Every year, several zettabytes of data are generated. However, these raw data are often unusable for Machine Learning algorithms. The challenge in Machine Learning is no longer just obtaining access to data but quickly acquiring labeled data of high quality. Let’s take the example of object recognition using CAPTCHA – a test to determine whether a human or a computer is operating a program: When users are asked to select images containing traffic lights, the label “traffic light” or “no traffic light” is assigned to the images they click or don’t click.
Through the process of labeling, labeled data is created, allowing a Machine Learning algorithm to build a statistical model to classify previously unseen images. In this case, the classes “traffic light” and “no traffic light” are assigned. See the blog post “What are the types of Machine Learning?” for more information on classification.
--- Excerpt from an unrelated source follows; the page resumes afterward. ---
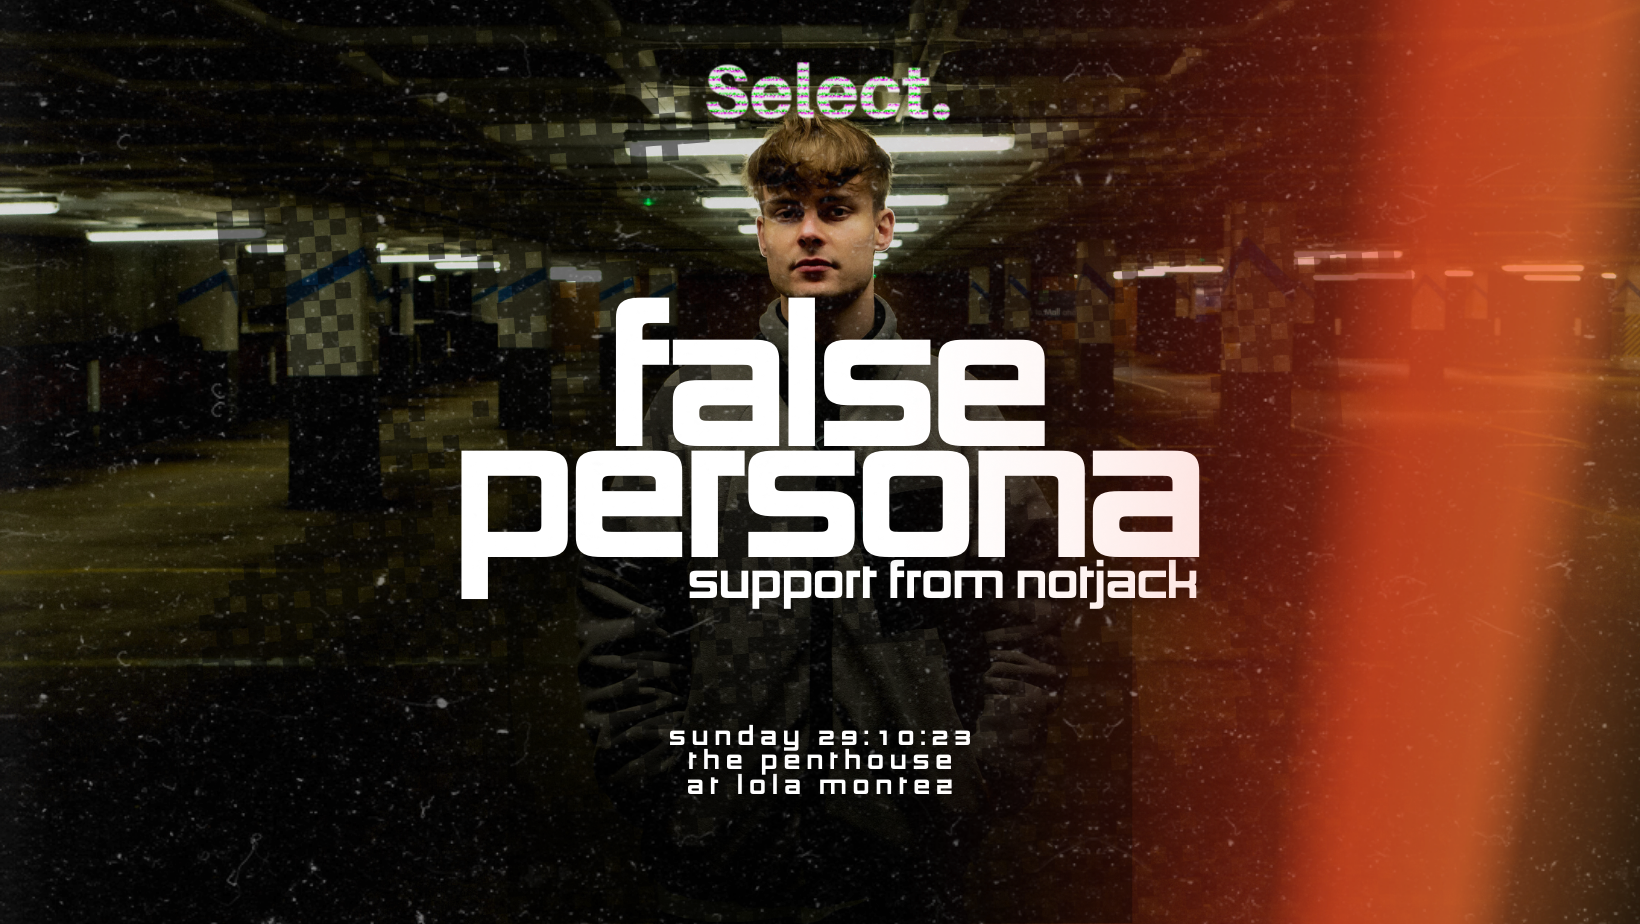 Select presents: False Persona & notjack  - フライヤー裏

Challenge: Some labels can only be assigned by experts
In the context of object recognition, we may also want to recognize stop signs, children, or potholes. Labels can, therefore, be used in a versatile manner. Depending on the type of classification task, the labeling process can also be complicated. For the identification of a traffic light, basic knowledge is sufficient. It becomes more challenging for classification tasks that require complex background knowledge such as determining if a tumor is present based on an ultrasound image. This task requires expert knowledge. The labeling process is complicated in such cases because only a few individuals are eligible for labeling. Since large amounts of data are typically required, labeling is correspondingly tedious and time-consuming.
Active learning relieves annotators
One way to reduce the effort is to use active learning, a subcategory of supervised learning. Active learning refers to a learning algorithm that selectively chooses data points from a set of unlabeled data points to be labeled next. Labeling can be done by a human or, for evaluation purposes, by the algorithm itself. The selection of data points is based on a selection strategy. A commonly chosen selection strategy is uncertainty sampling, which selects the data point with the lowest confidence. The lowest confidence means that the algorithm is least certain about which class this data point belongs to. The basic idea is that the model with fewer data points achieves the same or higher classification accuracy (e.g., 90% correctly recognized) as a model that uses all data points. When the learning process stops is defined by a stopping criterion.
The process in detail
Below, we describe the process of active learning using object recognition and uncertainty sampling as the selection strategy. At the beginning, we have a set of image data and a person who is supposed to label them.
- A small part of the data is labeled to ensure that we have examples of images with traffic lights and images without traffic lights.
- The model is trained.
- The model predicts the class of all unlabeled images.
- The image with the lowest value, i.e., the greatest uncertainty, is selected and shown to the person for labeling.
- The person indicates whether a traffic light is visible in the image or not, and the information is stored.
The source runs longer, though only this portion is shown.